Before and after matching, no donors progressed to ESKD in the study population. In contrast, 128 healthy controls progressed to ESKD before matching, but none of the controls had ESKD events after matching.

Risks of all-cause mortality

Before matching, we identified 24 mortality events (incidence rate, 1.64/1,000 person-years; average age at death, 55.1 ± 15.6 years old; average time from index date to death, 6.6 ± 4.5 years) in the donors and 2,533 mortality events (incidence rate, 3.04/1,000 person-years; average age at death, 62.8 ± 11.6 years old; average time from index date to death, 7.8 ± 4.1 years) in the healthy controls during the median follow-up duration of 12.5 years (IQR, 9.4–14.4 years) (Table 2). In the univariable model, the donors had a lower risk of all-cause mortality than the controls, but the reverse was noted in the age-sex adjusted model. However, with additional consideration for economic status or regions of residence, the difference in mortality risk was nonsignificant. After matching, while the matched donors had 24 mortality events (incidence rate, 1.68/1,000 person-years; average age at death, 48.5 ± 14.7 years old; average time from index date to death, 6.6 ± 4.5 years) during the median follow-up duration of 7.7 years (IQR, 4.8–11.8 years), the matched control group had 12 death cases (incidence rate, 0.83/1,000 person-years; average age at death, 49.8 ± 14.2 years old; average time from index date to death, 6.1 ± 4.4 years) during the median follow-up duration of 7.8 years (IQR, 5.0–12.0 years). The survival analysis showed that the difference in risk of mortality was nonsignificant after consideration for region of residence and economic status, similar to the results before the matching process. When we performed bootstrapping for matching (Table 3), the most (99.4%) adjusted multivariable model yielded nonsignificant results.

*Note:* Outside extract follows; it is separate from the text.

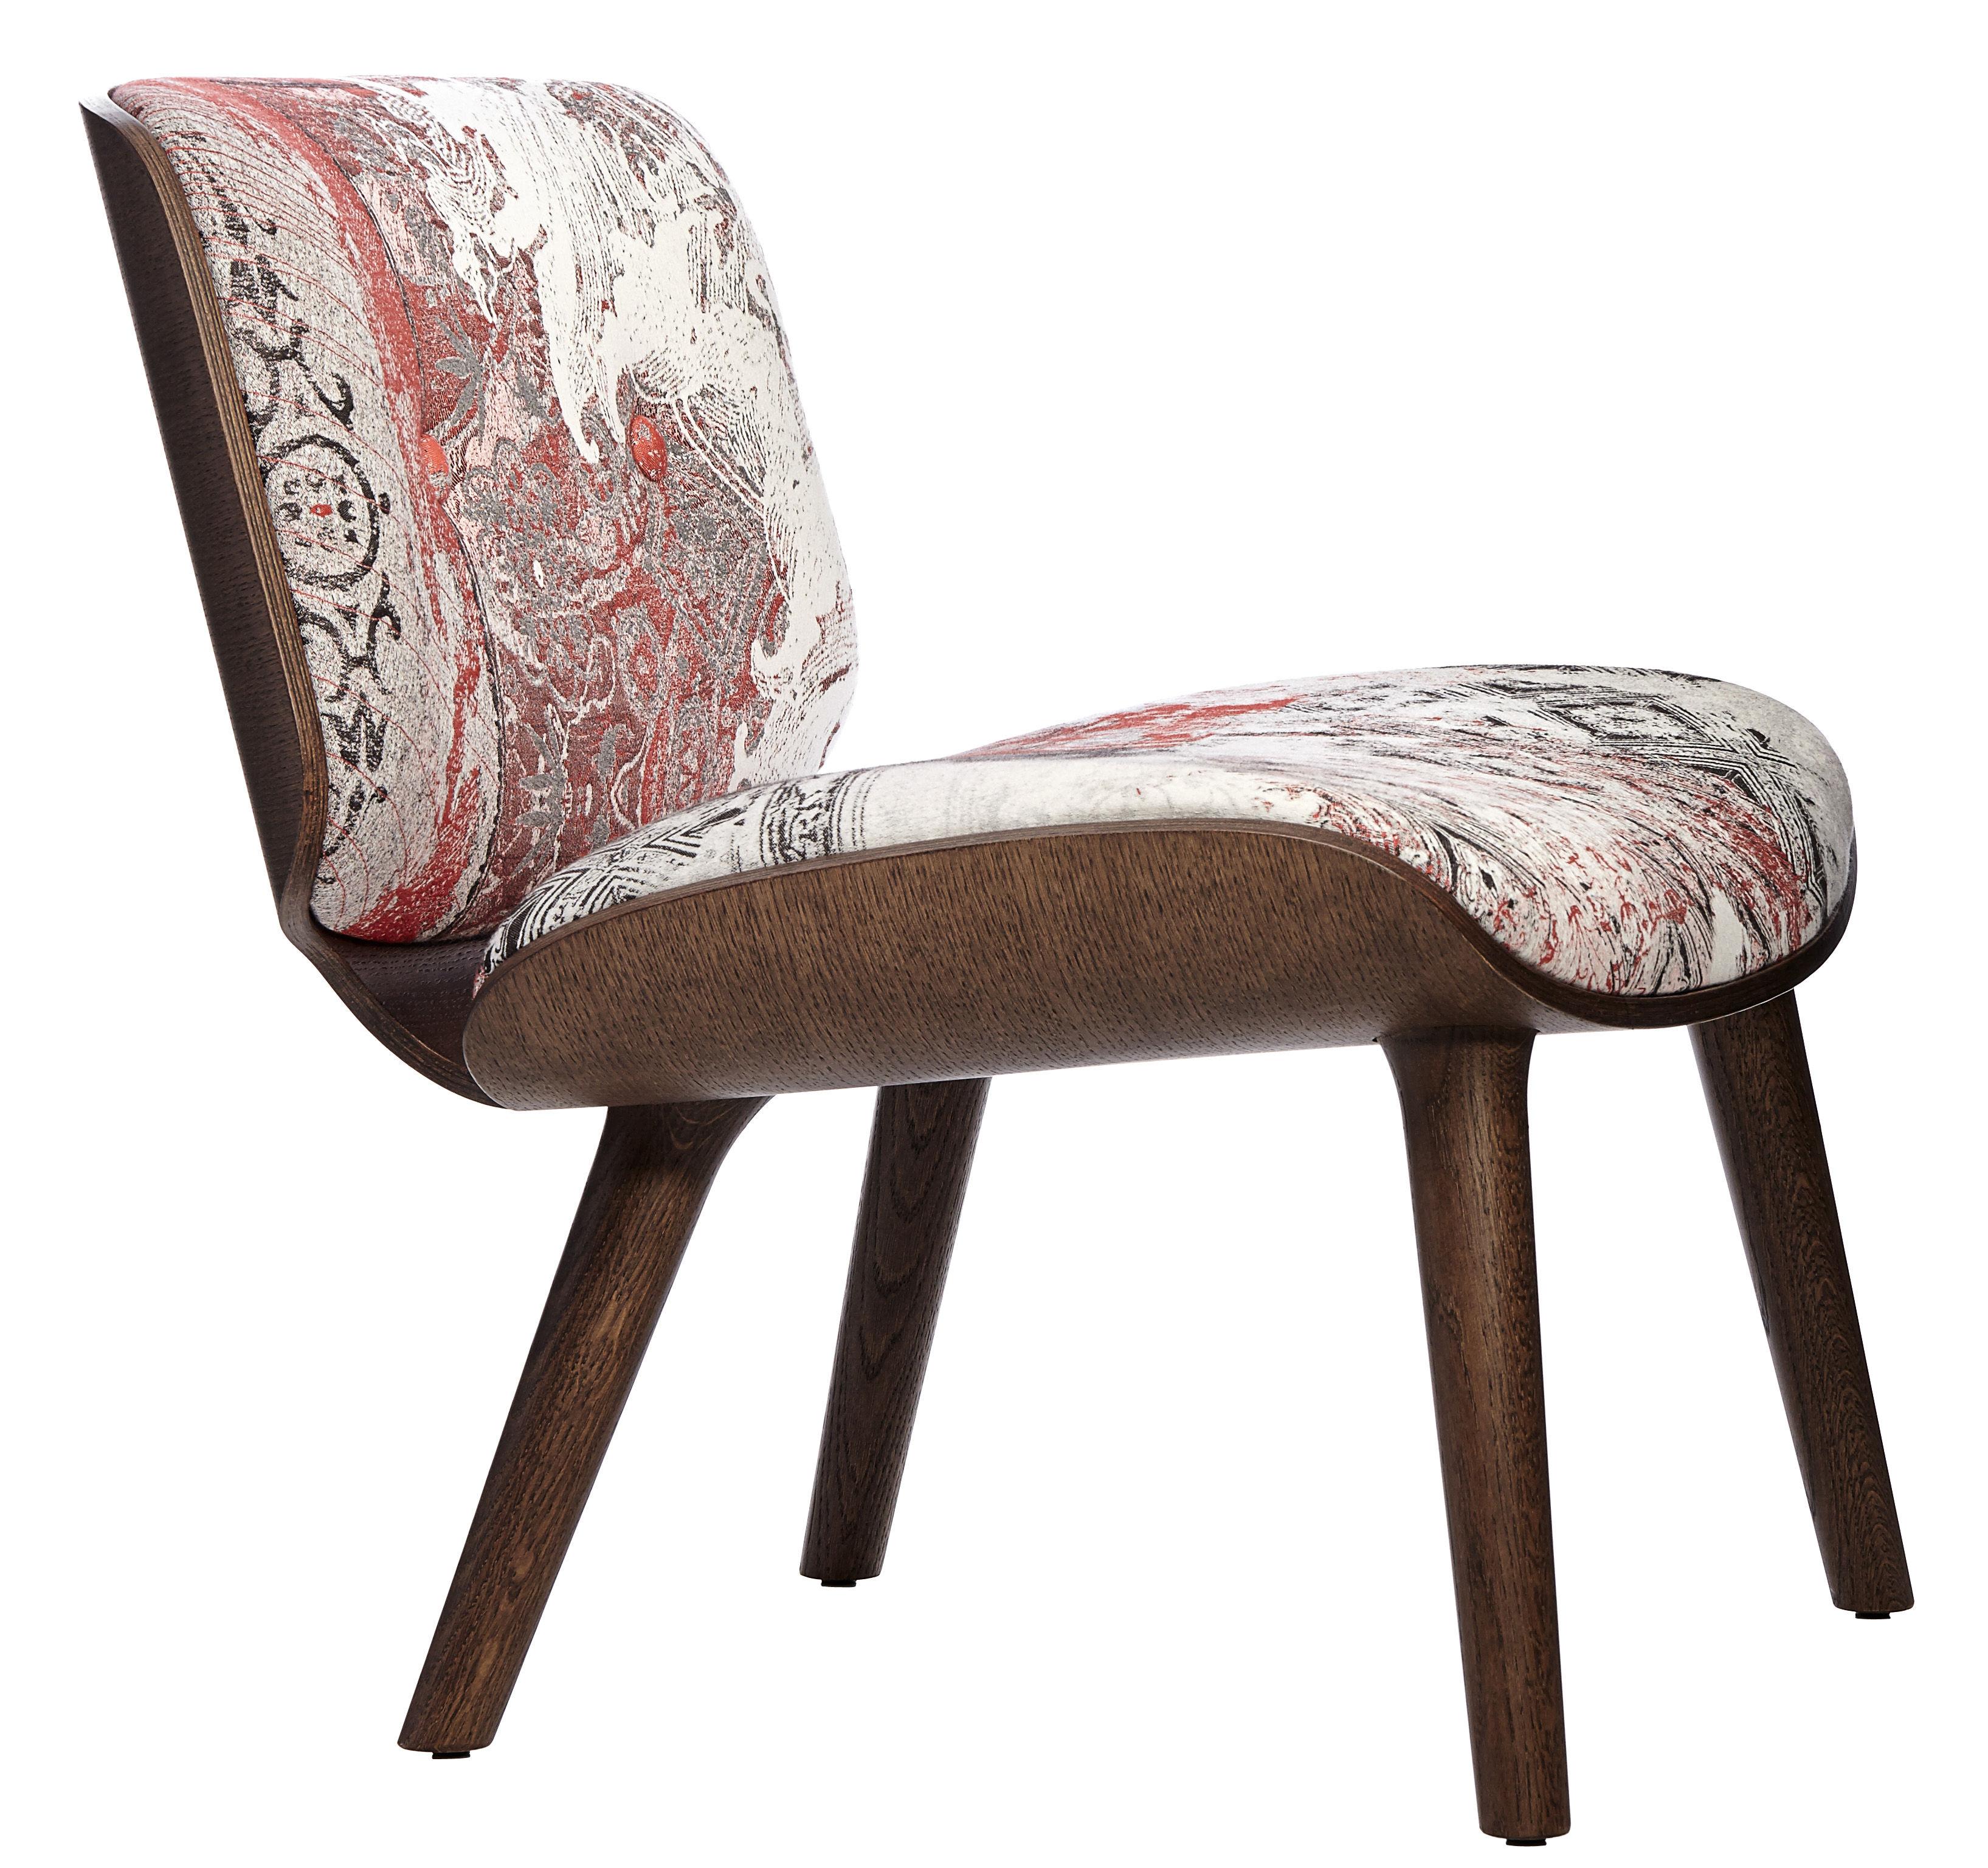 Möbel - Lounge Sessel - Nut Lounge Lounge Sessel / gepolstert - Moooi - Rottöne / Gestell: Holz, zimtfarben - Eichenholzfurnier, Gewebe, massive Eiche, Schaumstoff

Risk factors for all-cause mortality in living donors

Regarding risk factors, among the 1,751 donors, including the total cases before matching, from 2003 to 2016, age ≥ 60 years was a risk factor for all-cause mortality in the univariable analysis, and it was the only variable that remained after the backward-elimination method (Table 4). Other variables were not significantly associated with the risk of mortality in the donors.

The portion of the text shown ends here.